INFORMATION PROVIDED:
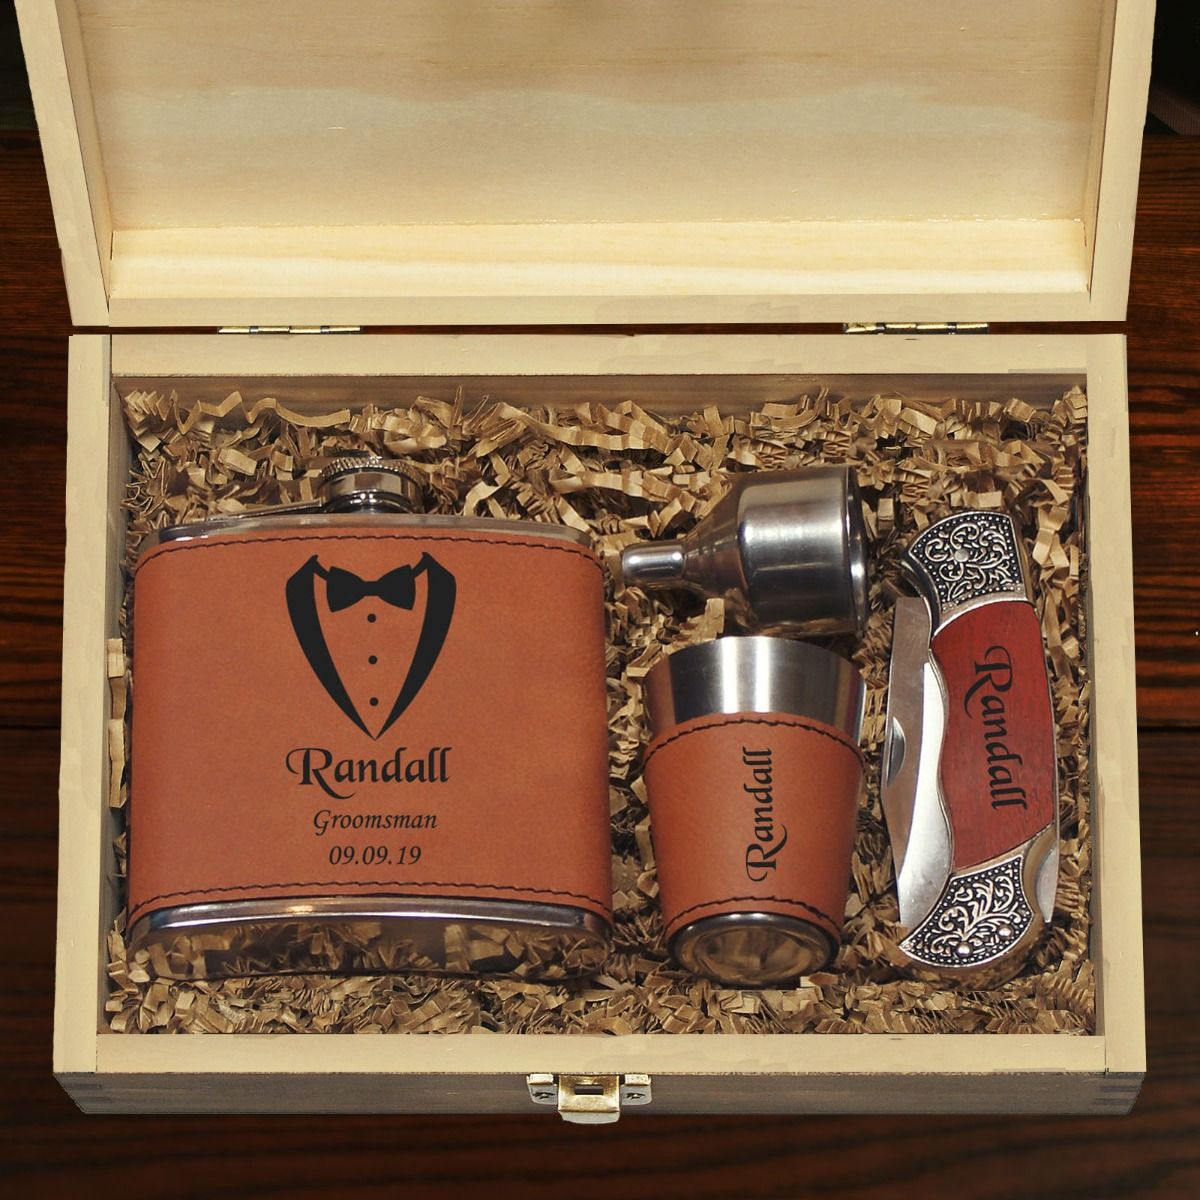 Personalized Flask & Pocket Knife Groomsman Gift Set - The Man Registry
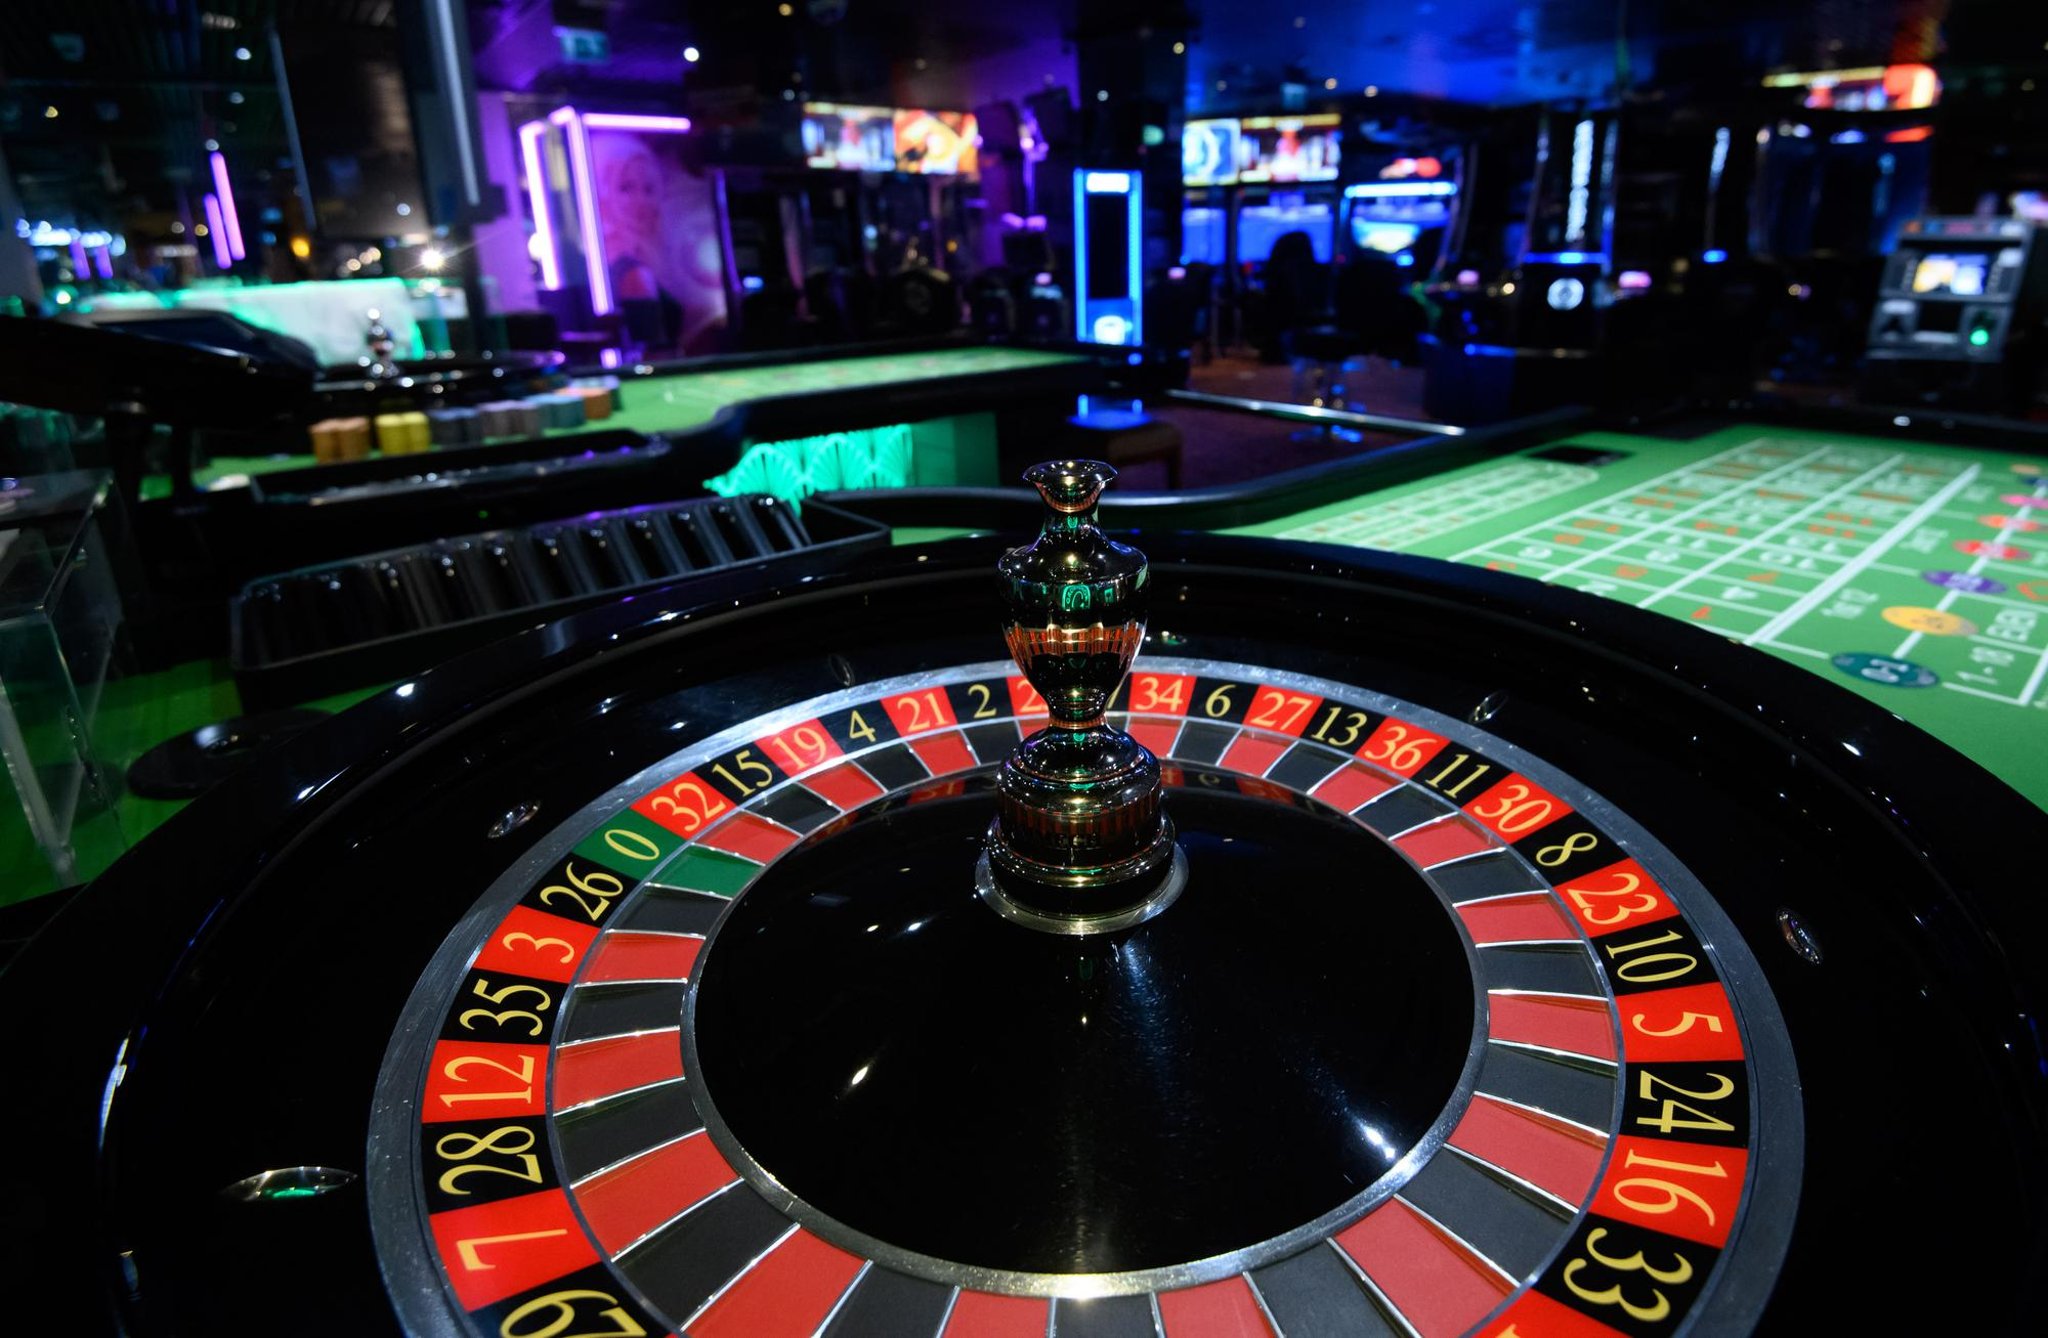 Edinburgh's Maybury Casino will reveals when it will reopen | Edinburgh News
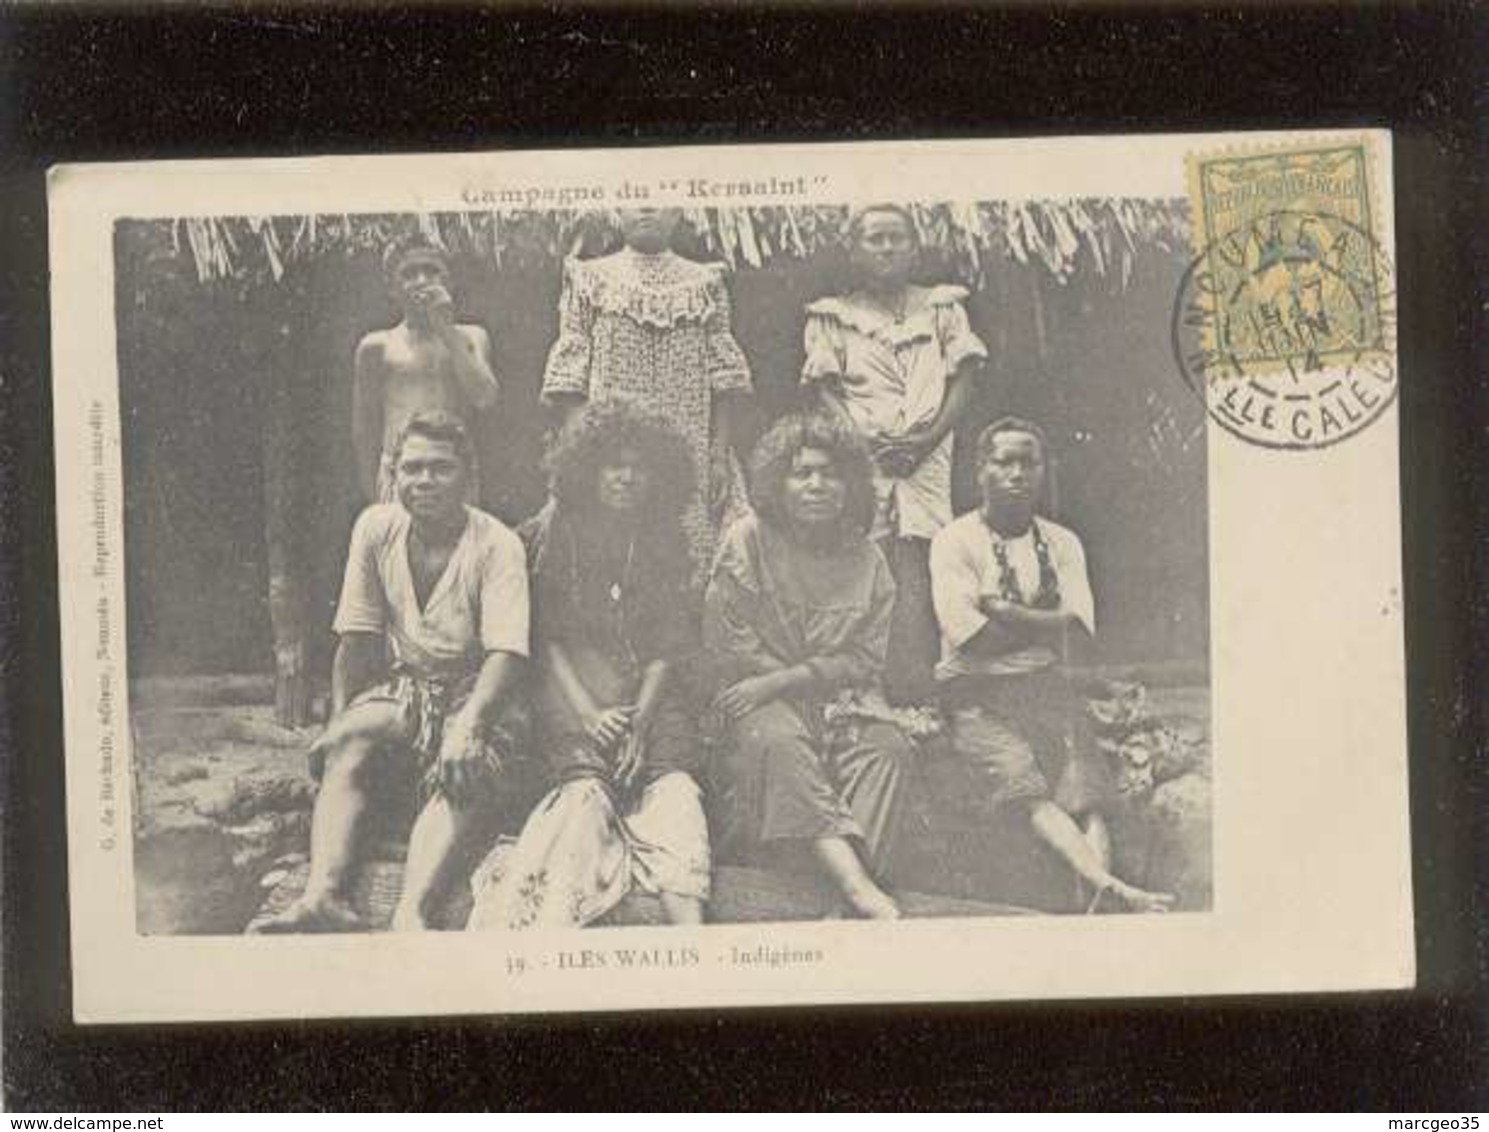 Campagne Du Kersaint Iles Wallis Indigènes édit. G. De Béchade N° 39 - Wallis And Futuna
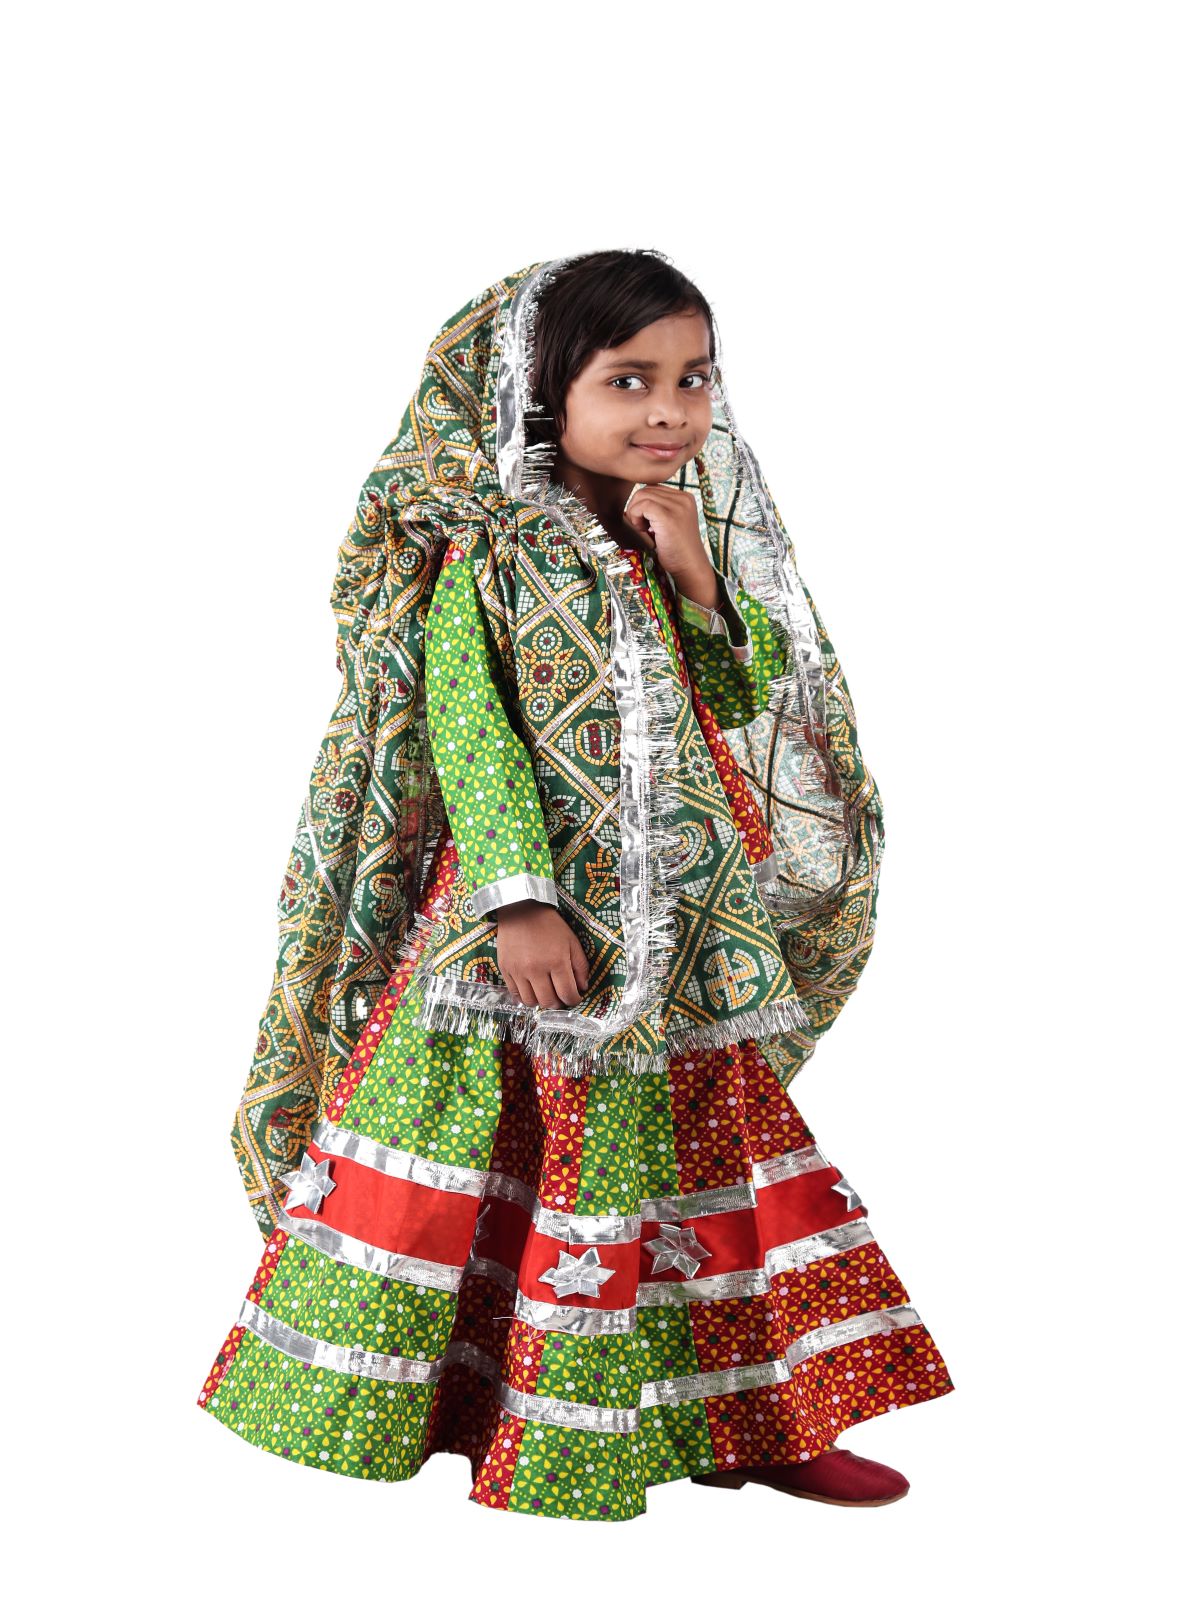 Rajasthani Costume for Girl - Buy Now | Kids Fancy Dress

ACTIVITY:
An exact, image-free transcript of the material is required.

TASK SOLUTION:
 Personalized Flask & Pocket Knife Groomsman Gift Set - The Man Registry
 Edinburgh's Maybury Casino will reveals when it will reopen | Edinburgh News
 Campagne Du Kersaint Iles Wallis Indigènes édit. G. De Béchade N° 39 - Wallis And Futuna
 Rajasthani Costume for Girl - Buy Now | Kids Fancy Dress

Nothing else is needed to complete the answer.